Otra de las posibles lecturas de esta novela es la social: también había leído que Dickens no se cuestiona el orden social, sus personajes pueden haber descendido peldaños por algunas circunstancias pero siempre tienen claro cuál es su verdadera, y justa, clase social: ellos son caballeros. “Era consciente de haber vivido escenas de las que ellos no podían tener conocimiento, y de haber adquirido una experiencia que no correspondía a mi edad, a mi aspecto o a mi posición”, nos dice el narrador en la página 278. Y aunque el narrador nos habla de su posición, también es verdad que es sensible a los problemas y miserias del pueblo; así, escribe al ir a visitar una prisión: “No pude evitar pensar, mientras nos acercábamos a la verja de entrada, en el alboroto que se habría armado en el país si algún iluso hubiera propuesto que se gastara la mitad de ese dinero en edificar una escuela industrial para jóvenes o un asilo para ancianos, que tanto lo necesitaban” (pág. 989).

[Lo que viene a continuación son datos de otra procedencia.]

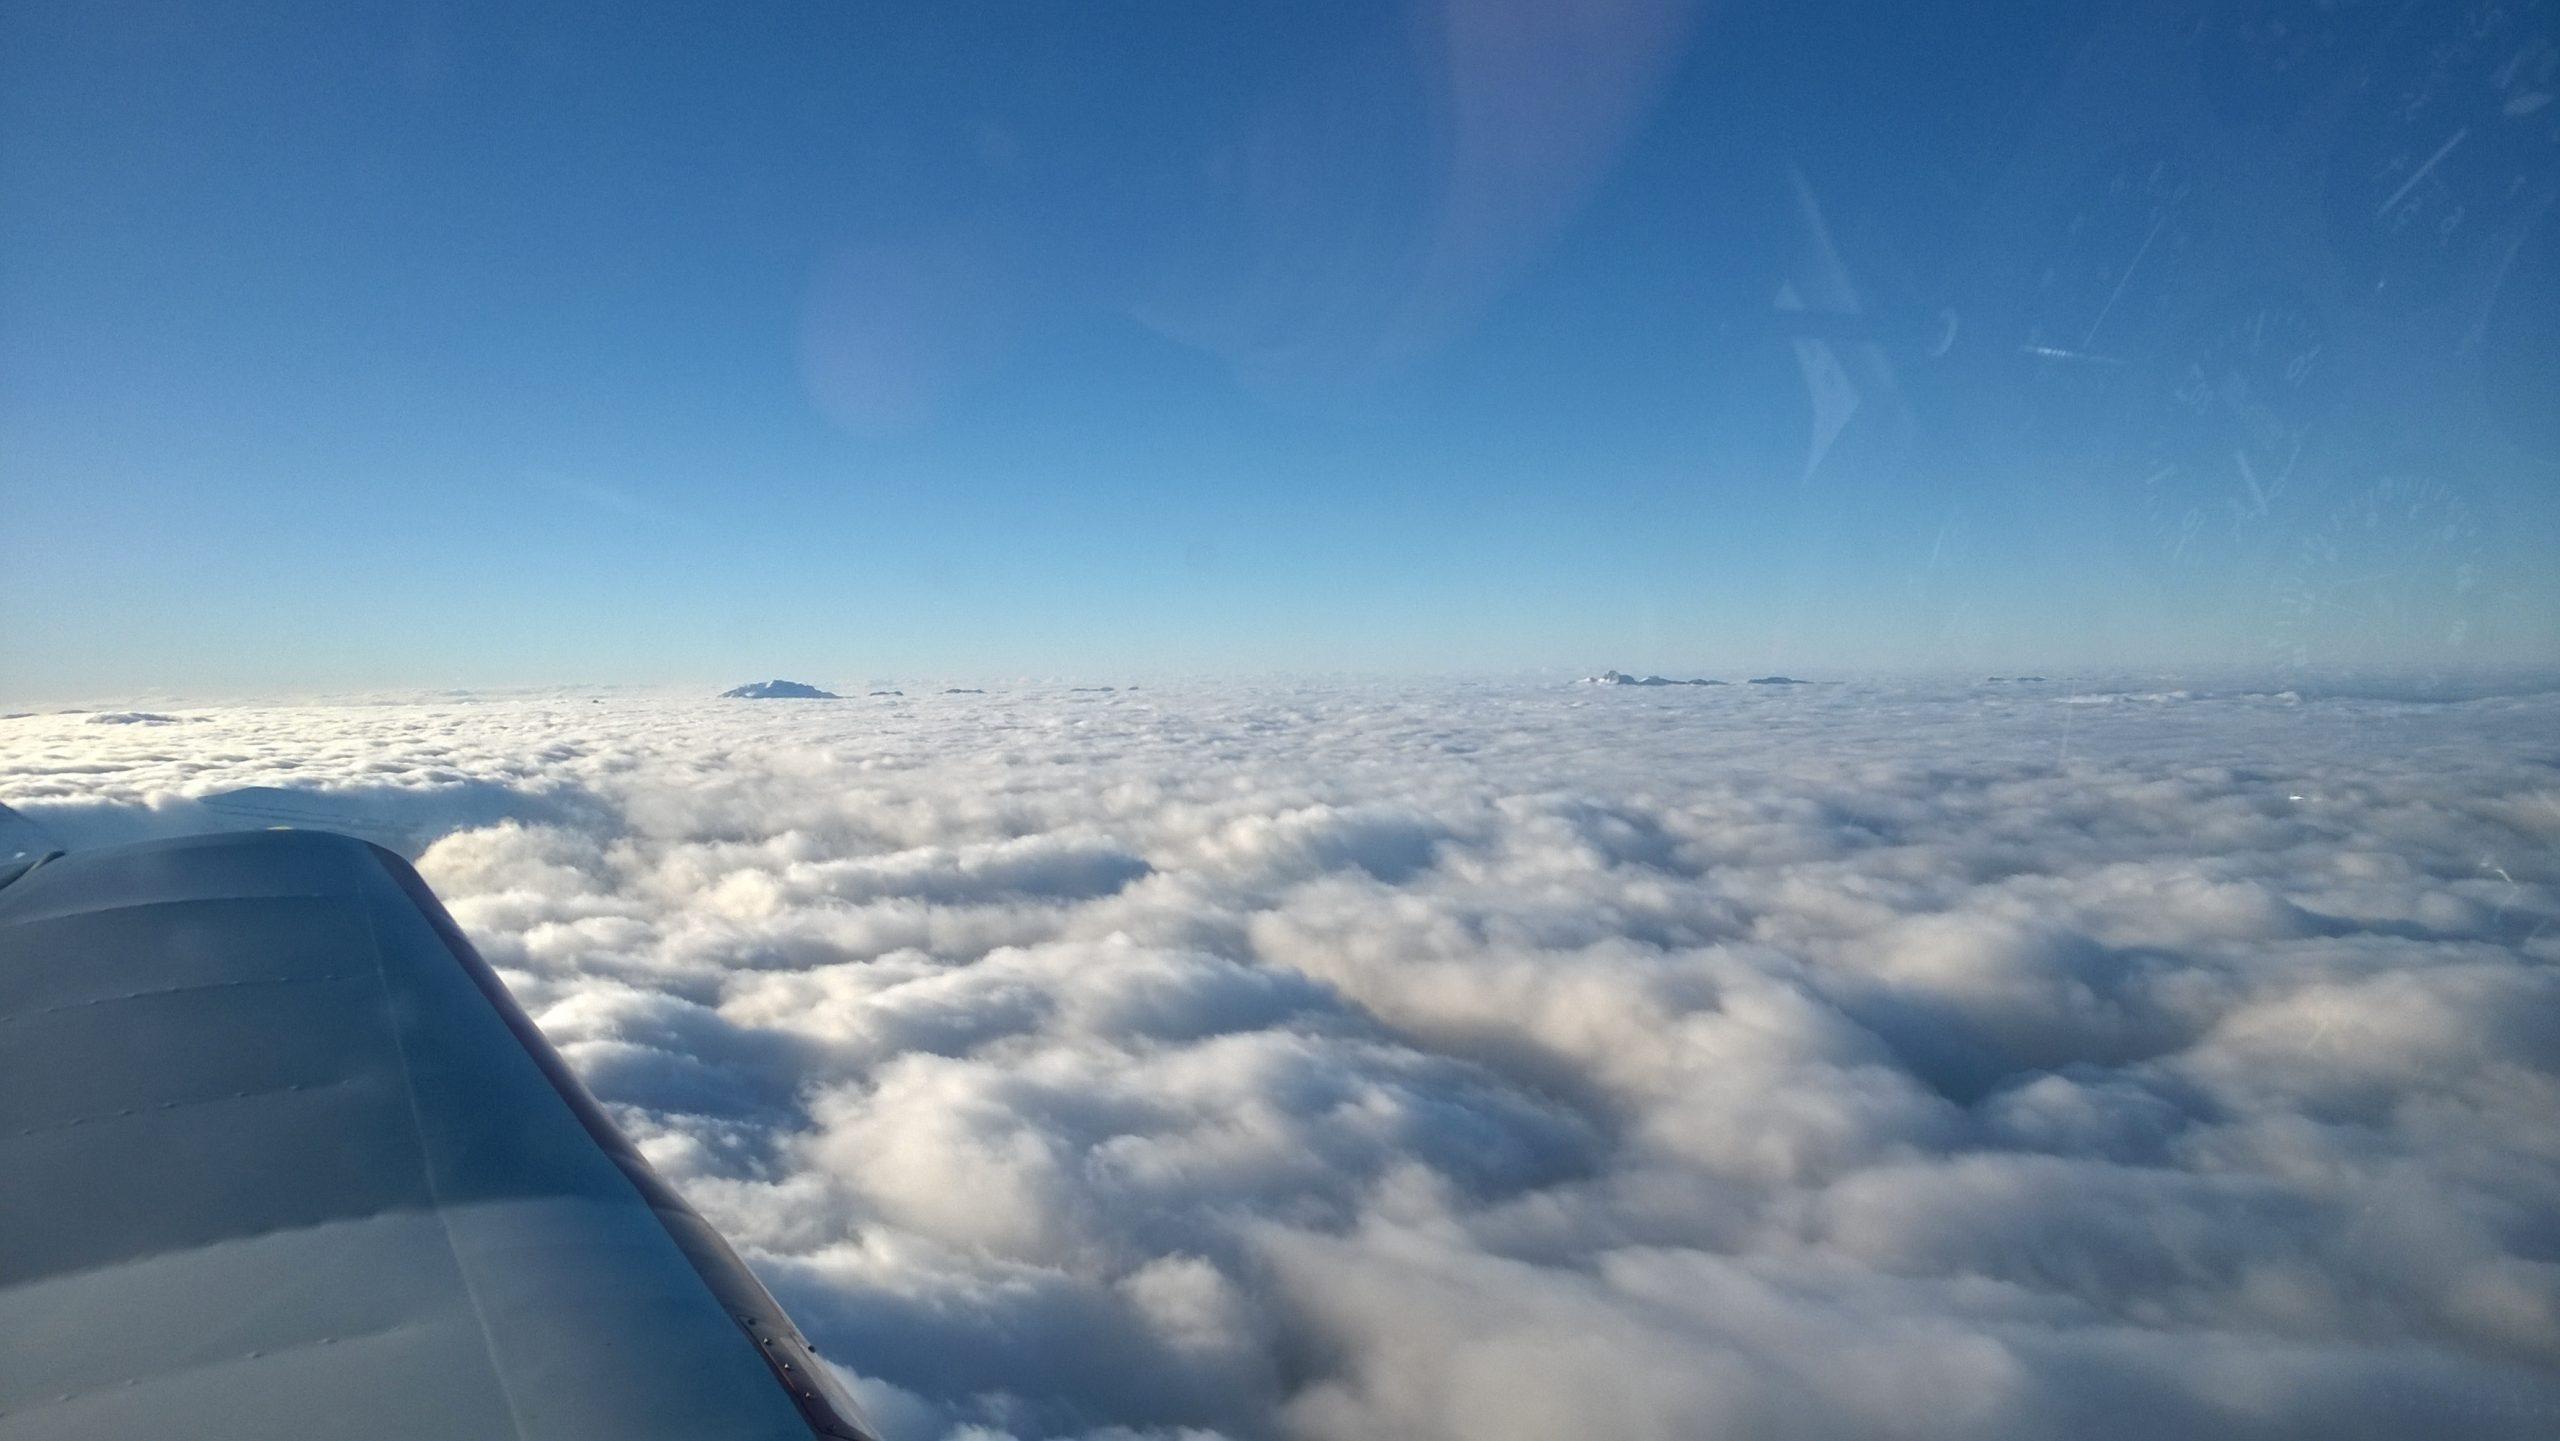 Voler en avion, PPL, LAPL, baptemes de l'air

Tampoco debemos olvidar que las construcciones de Charles Dickens parten del folletín: huérfanos, padrastros malvados, guapos amantes que engañan a chicas pobres..., pero superan con creces las limitaciones de ese género, por sus habilidades narrativas para pintar escenas vividas y por su capacidad para emocionar. Quizás una novela verdaderamente extensa como ésta, que supera las 1.000 páginas, es grande precisamente porque se sobrepone a todos sus posibles baches y fallos, porque consigue que uno quiera dejar la realidad de su día a día para sumergirse en sus páginas y encontrarse con David Copperfield (que ante la tiranía de su padrastro, quien le obliga a estudiar sin poder juntarse nunca con los demás niños, encontrará refugio en la lectura, en los libros que “mantuvieron despierta mi imaginación y mi esperanza de una vida mejor”, pág. 79), y consigue que, al cerrar el libro, casi un mes después de haberlo empezado, se sienta una honda pena por tener que abandonar a sus entrañables personajes.